How much of the residual stream is "output token" focused?

That is, how much residual stream space is allocated to output token space? How much is kept for other information.

For this, I am only looking at small models (Qwen2.5-3B and Llama-3.2-3B), and would not want to make predictions on what happens for larger models.

To determine this, I ask the model to complete a prompt, and store the top k token predictions. Each prediction has an associated unembedding vector, and has shape [d_model].

Recall, the unembedding matrix [d_model, vocab_size] is multiplied by the output residual stream, r, at the final layer to produces the logits [vocab_size].

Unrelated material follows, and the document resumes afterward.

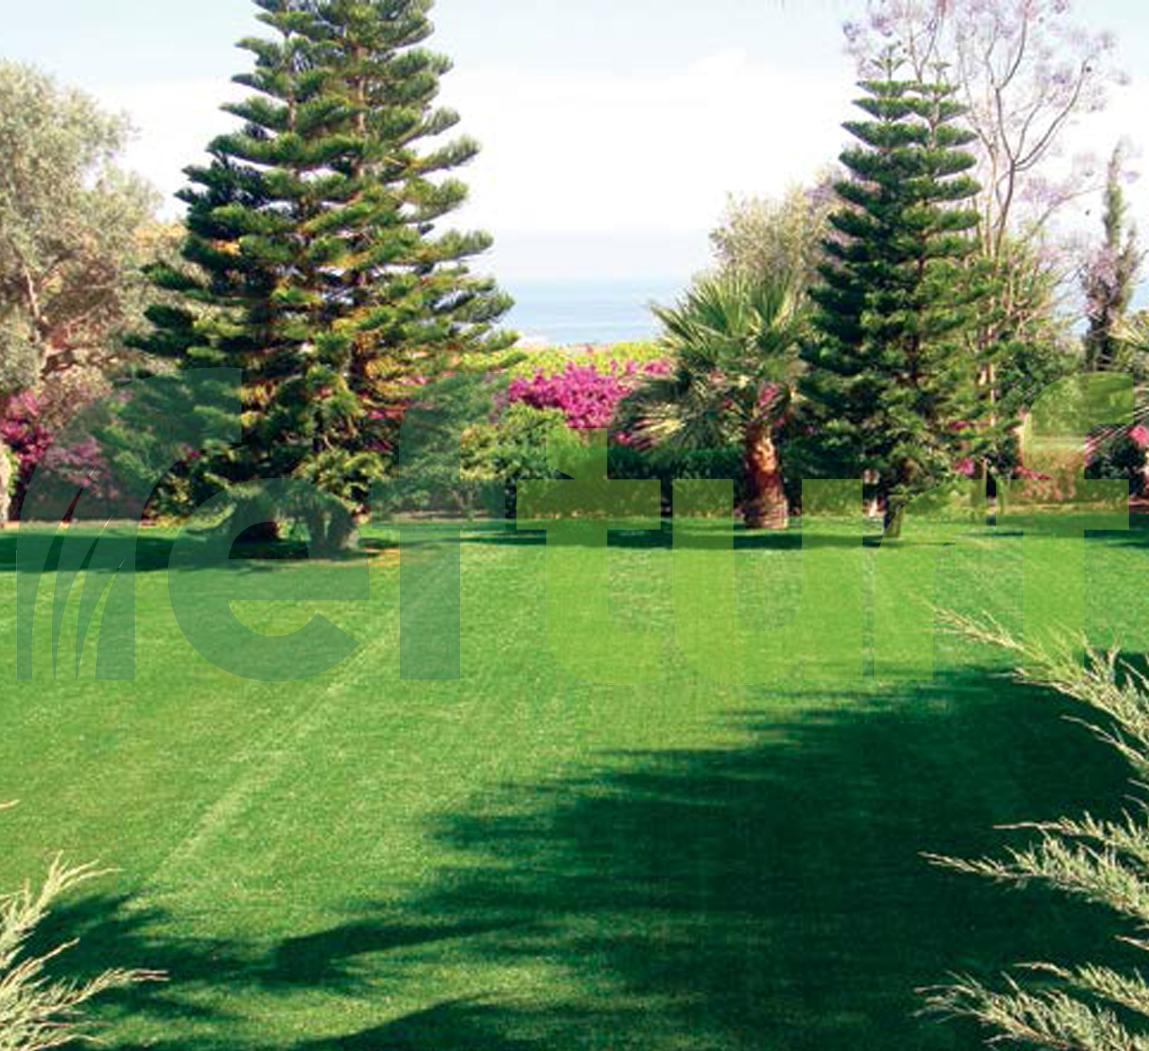 suni çim bakımı, yeşillik, doğa, doğa fotoğrafı, ağaç,

The logits undergo softmax and then sampled. To separate the output subspace, we first construct the output subspace matrix, V, where each column of V is the unembedding vector of our k tokens, and thus has shape [d_model, k].

We now assume we can split the r into two subspaces, the parallel and orthogonal spaces, specifying components parallel to this output subspace, and orthogonal.

r = r_parallel + r_orthogonal.

This way, r_orthogonal does not affect output predictions for these k tokens in any meaningful way - we could make r_orthogonal 10x stronger, and we would get the same relative predictions among our top k tokens. Note that r_orthogonal can still project onto other tokens in the vocabulary outside our chosen k.

Our matrix of unembedding vectors need not be orthogonal or normalised (orthonormal), and so we use a QR decomposition:

Q, R = torch.linalg.qr(V)

where Q is [d_model, k] and R is [k, k]

Q is now our orthonormal version of V, it spans the same subspace (we can construct any vector with either Q or V) but Q is normalised and orthogonal.

To project our residual stream r onto the output subspace spanned by V (and Q) we compute r_parallel = Q @ (Q^T @ r)

Where (Q^T @ r) determines the projection of r along the columns of Q (our normalised output unembedding vectors, shape [k]) and therefore multiplying by Q gives the correct shape [d_model]. This step takes our residual stream vector, and decomposes the output unembedding vector and rewrites it into this new basis defined by Q.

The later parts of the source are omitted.